▶ _EXERCISE_:
Nothing but the lines from the one with "Portrait of a" through the end of the listing should be reproduced, each exactly and with pictures omitted.

▶ _INFORMATION PROVIDED_:
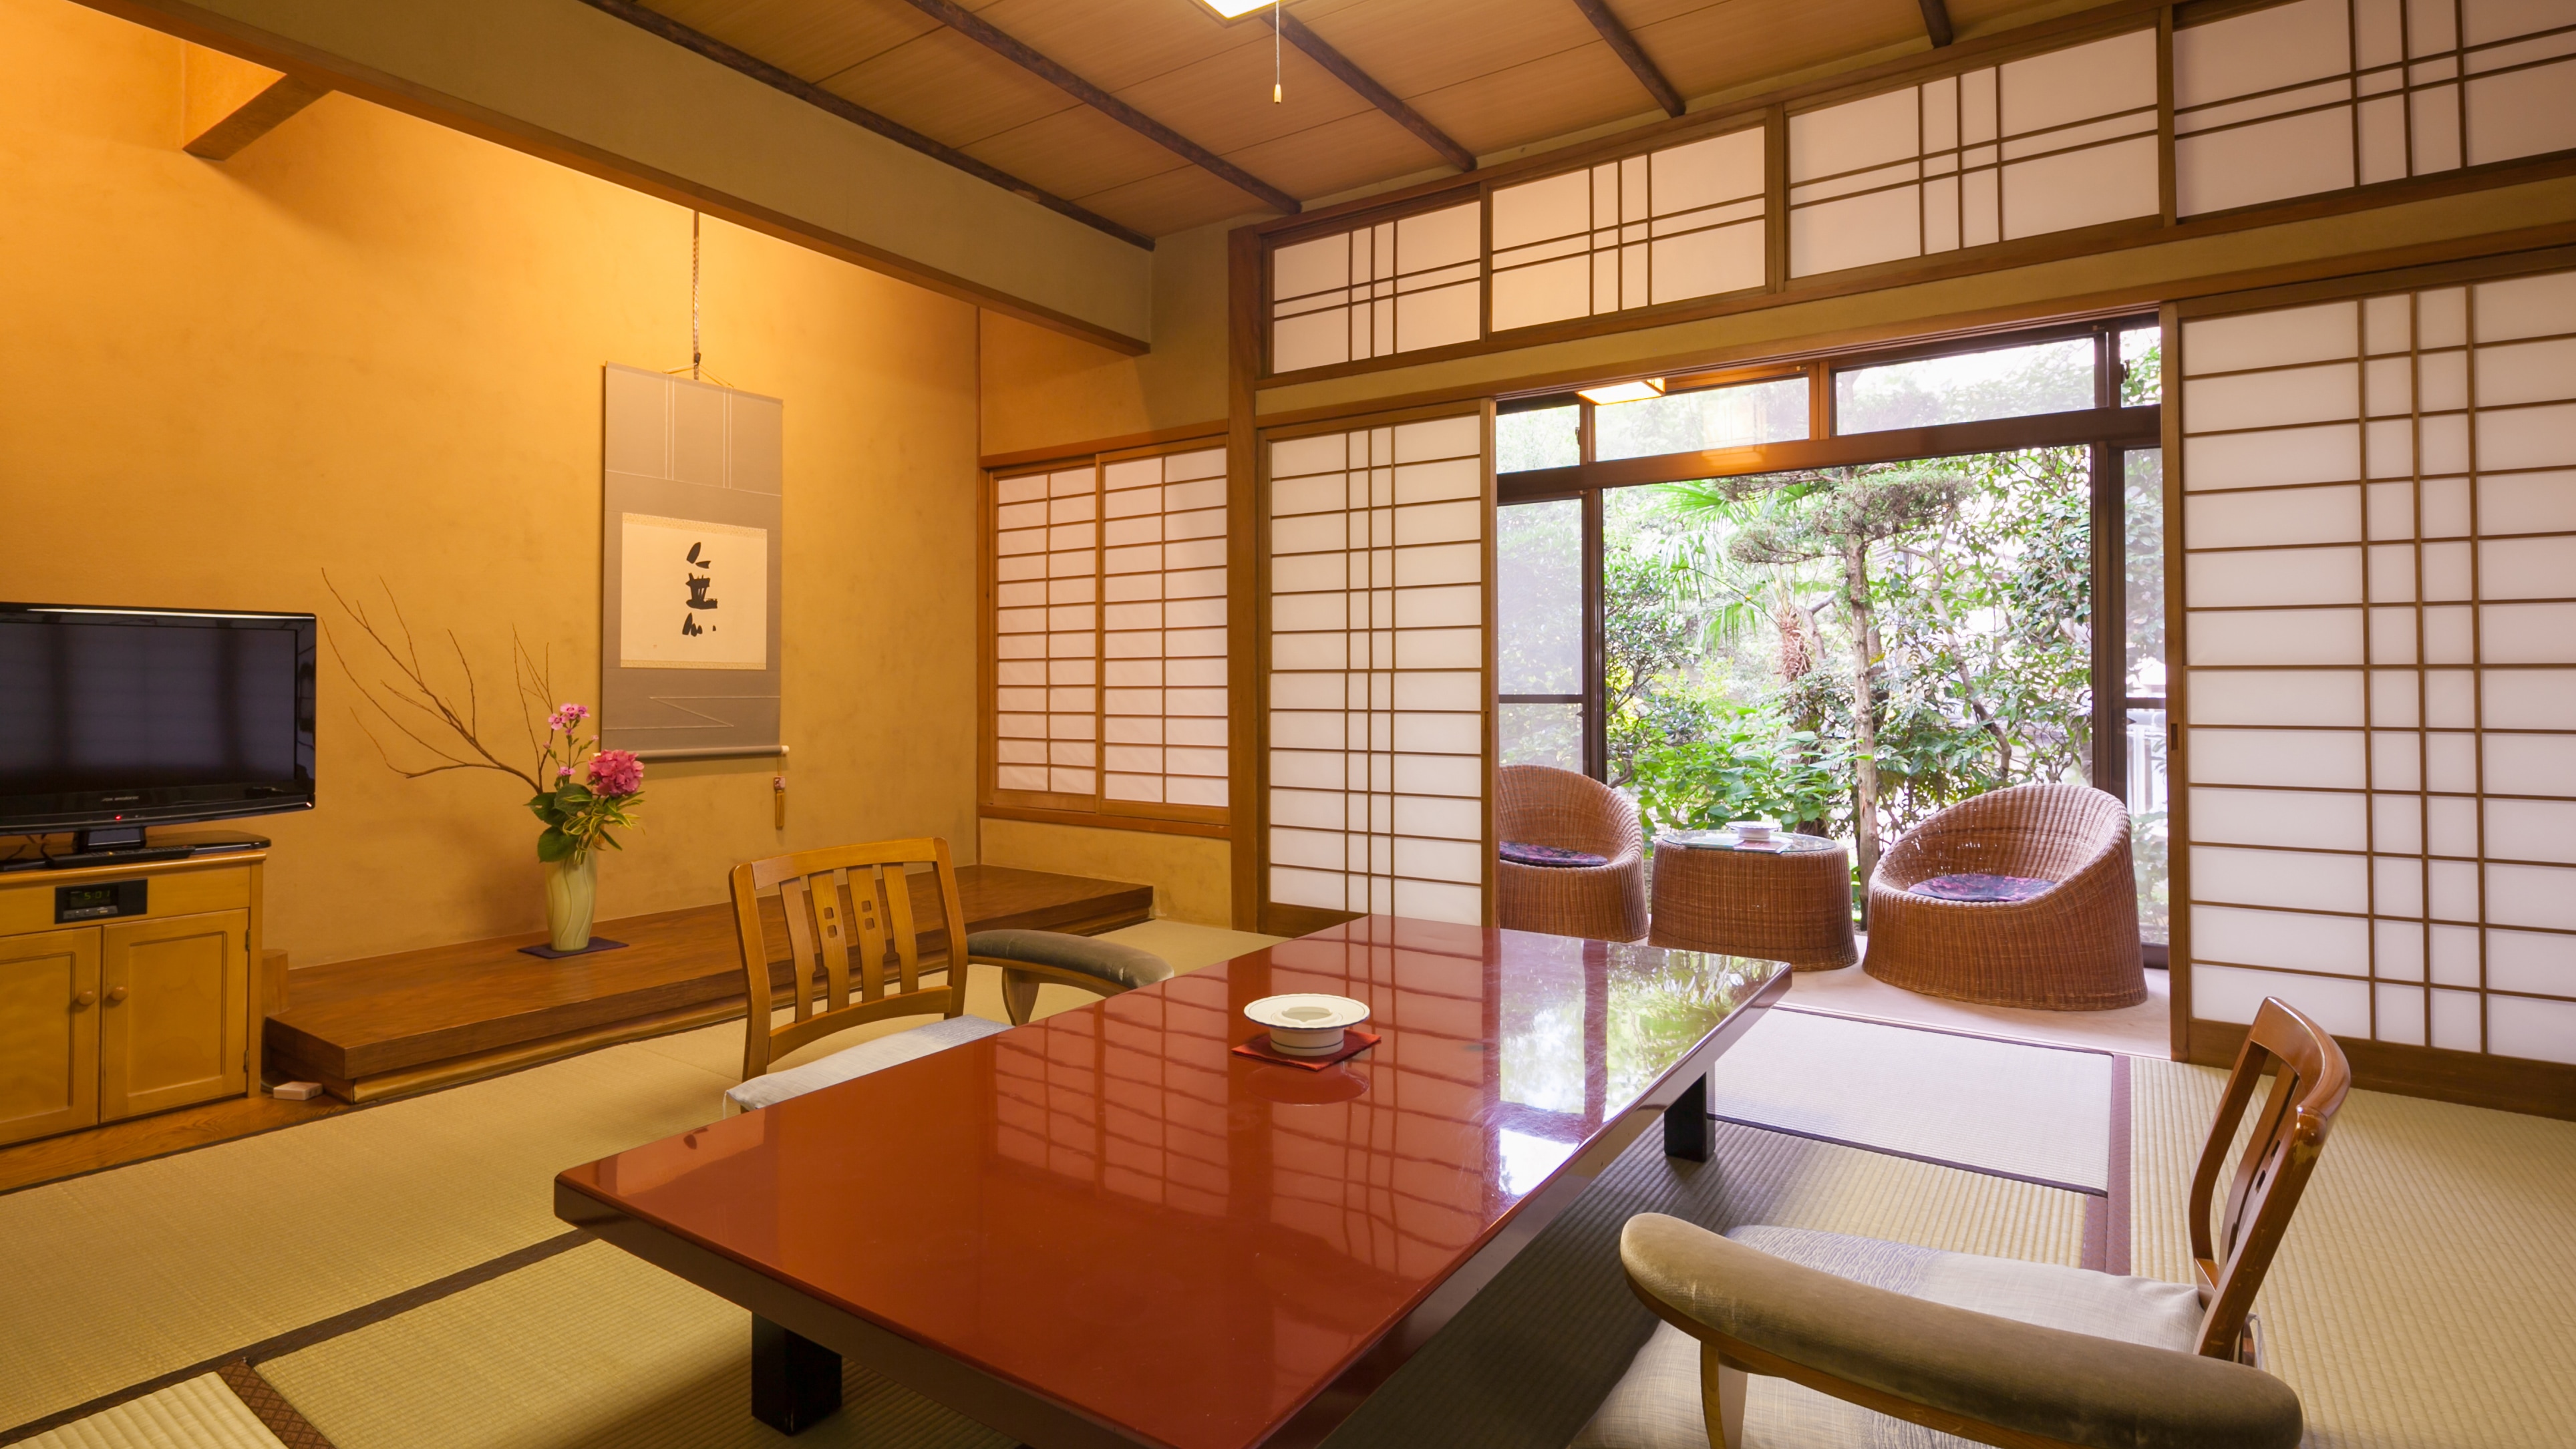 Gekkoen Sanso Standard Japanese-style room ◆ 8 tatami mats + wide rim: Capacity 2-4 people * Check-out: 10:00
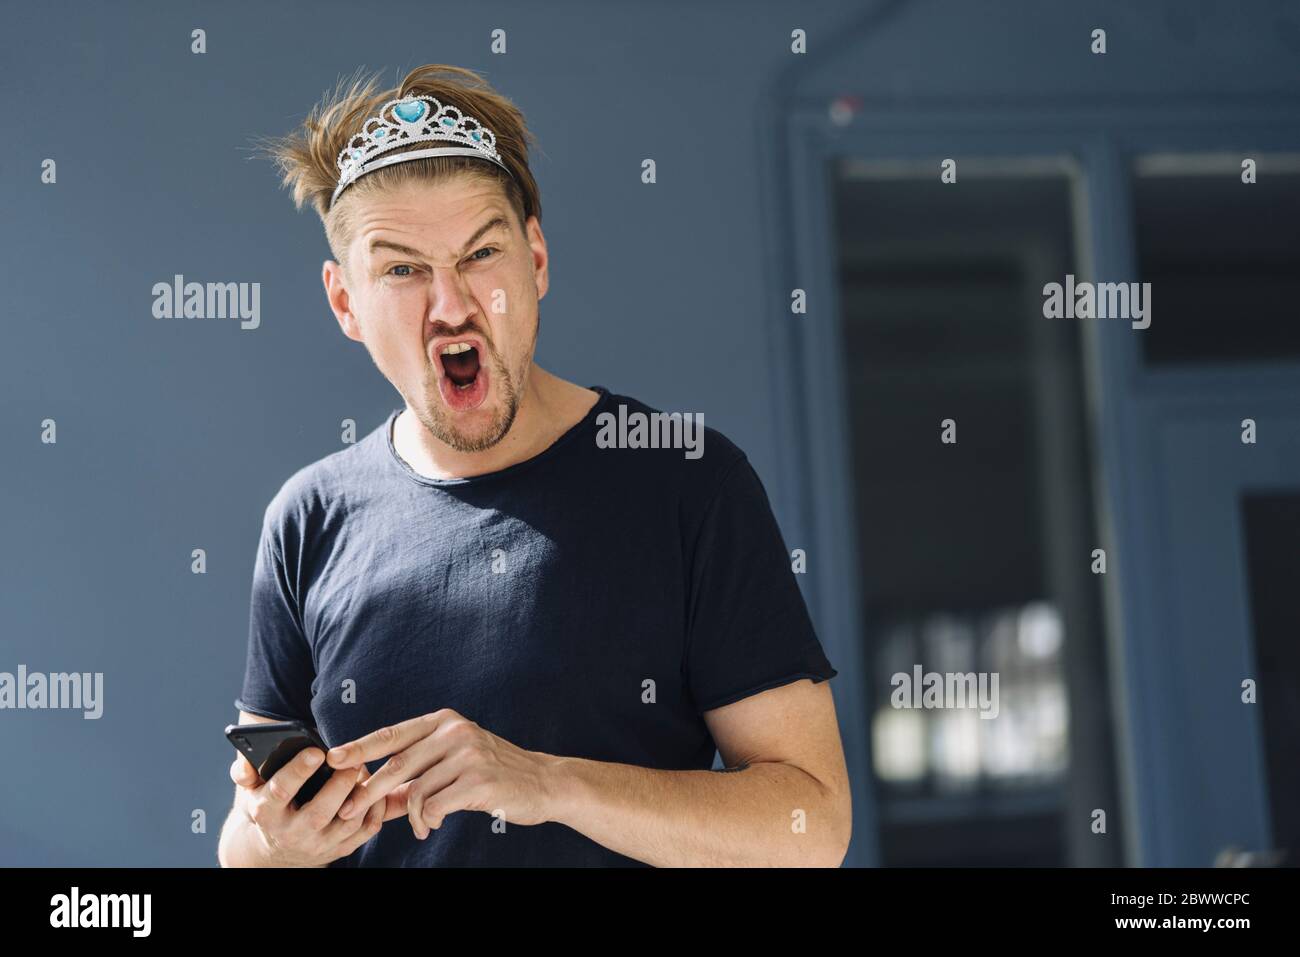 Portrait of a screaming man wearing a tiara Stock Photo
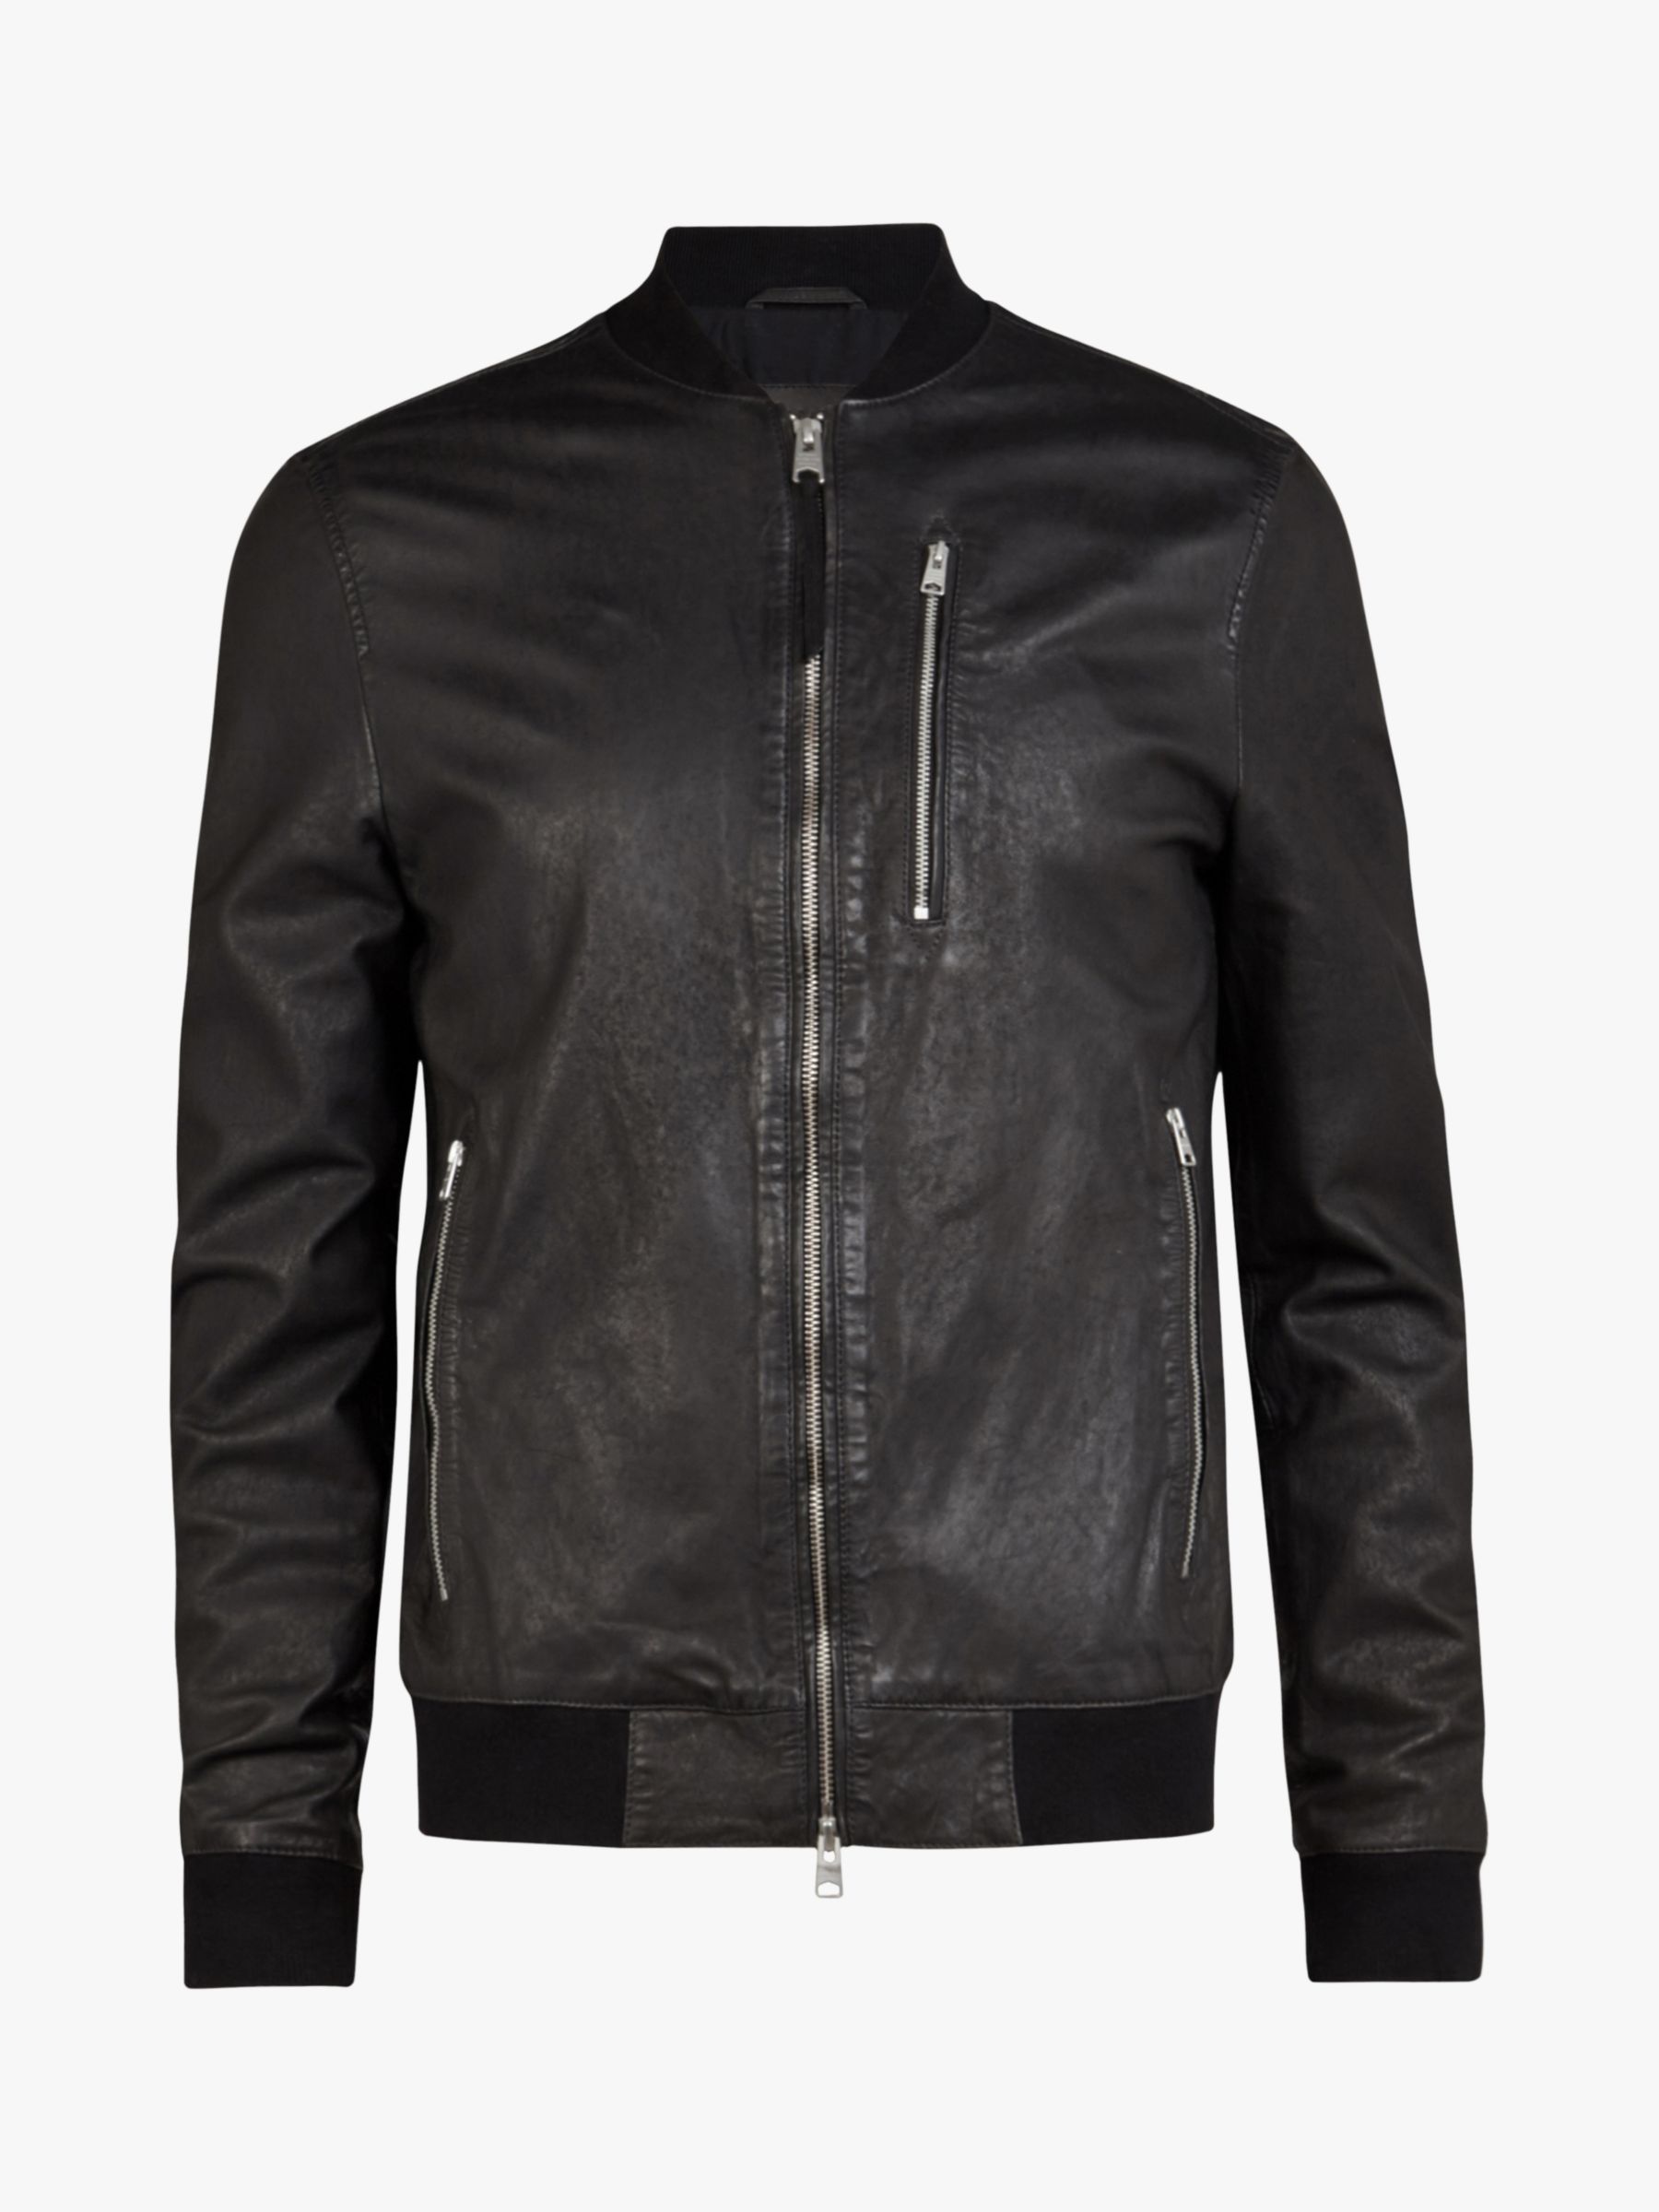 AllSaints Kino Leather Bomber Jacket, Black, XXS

▶ _YOUR SOLUTION_:
 Portrait of a screaming man wearing a tiara Stock Photo
 AllSaints Kino Leather Bomber Jacket, Black, XXS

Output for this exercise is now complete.